WEX
From Freebase
The Freebase Wikipedia Extraction (WEX) is a processed dump of the English language Wikipedia. The wiki markup for each article is transformed into machine-readable XML, and common relational features such as templates, infoboxes, categories, article sections, and redirects are extracted in tabular form. Freebase WEX is provided as a set of database tables in TSV format for PostgreSQL, along with tables providing mappings between Wikipedia articles and Freebase topics, and corresponding Freebase Types.

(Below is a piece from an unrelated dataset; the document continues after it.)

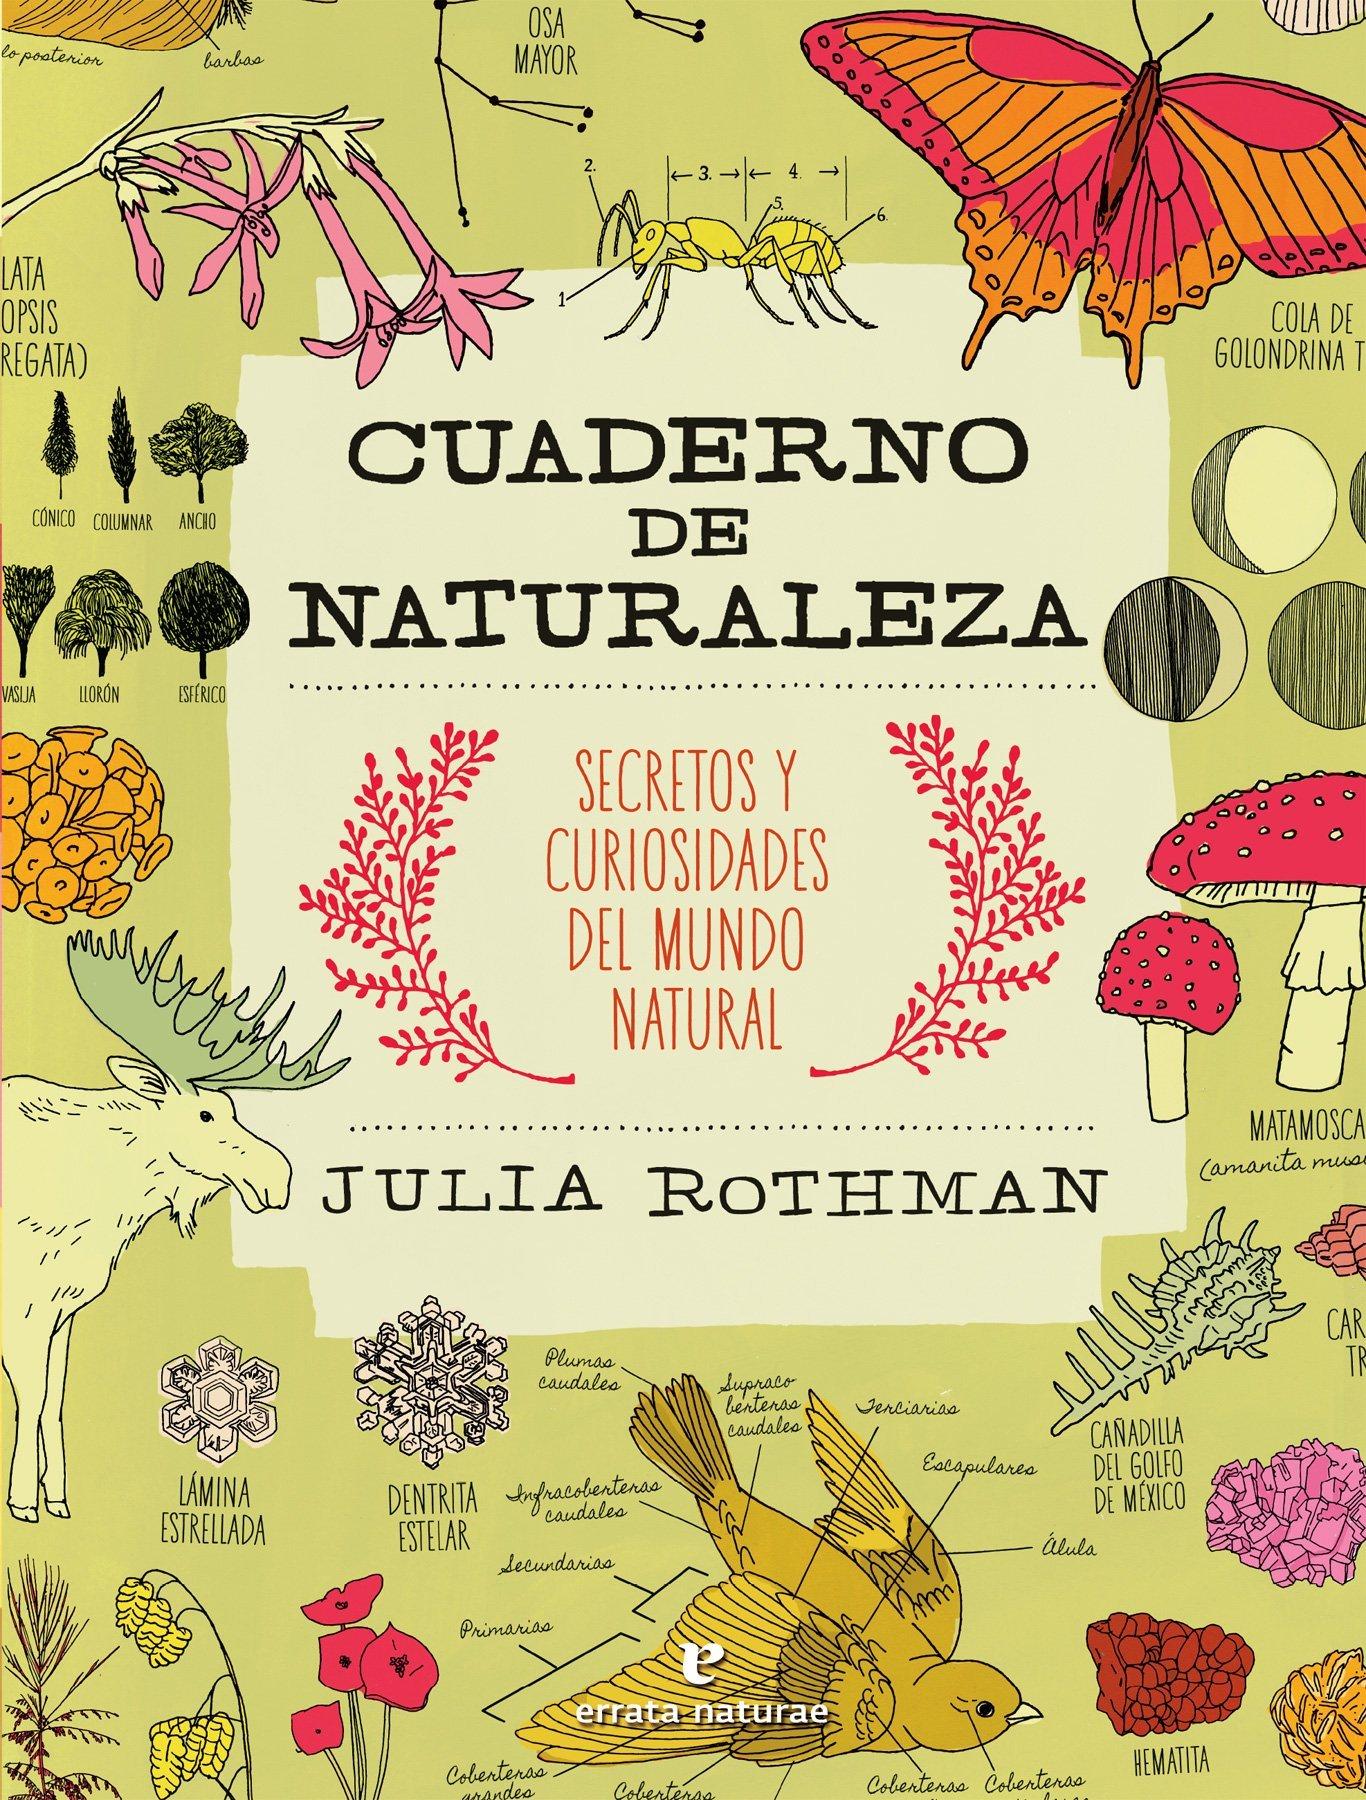 Cuaderno-de-naturaleza_portada_DEF

Freebase WEX is provided free of charge for any purpose with regular updates by Metaweb Technologies. It is distributed, like Wikipedia itself, under the terms of version 1.2 of the GNU Free Documentation License or any later version published by the Free Software Foundation.
Contents |
Citing
If you'd like to cite WEX in a publication, you may use:
Metaweb Technologies, Freebase Wikipedia Extraction (WEX), http://download.freebase.com/wex/, <month> <day>, <year>
Or as BibTeX:
@misc{metaweb:wex,
title = "Freebase Wikipedia Extraction (WEX)",
author = "Metaweb Technologies",
howpublished = "\url{http://download.freebase.com/wex/}",
edition = "<month> <day>, <year>",
year = "<year>"
}
Related Work
- DBpedia, "a community effort to extract structured information from Wikipedia and to make this information available on the Web", http://dbpedia.org/
- Hugo Zaragoza, Jordi Atserias, Massimiliano Ciaramita and Giuseppe Attardi, (Yahoo! Research Barcelona), Semantically Annotated Snapshot of the English Wikipedia, http://www.yr-bcn.es/semanticWikipedia, 2007.
Setup
Freebase WEX data files are provided in TSV format suitable for bulk loading into PostgreSQL (version 8.3). Other database servers such as MySQL should also be suitable, but will require a different setup procedure to what is presented here, and are not currently tested (let us know if you use Freebase WEX on such a platform). The following procedure assumes you have already installed PostgreSQL, and are running a UNIX operating system such as Linux.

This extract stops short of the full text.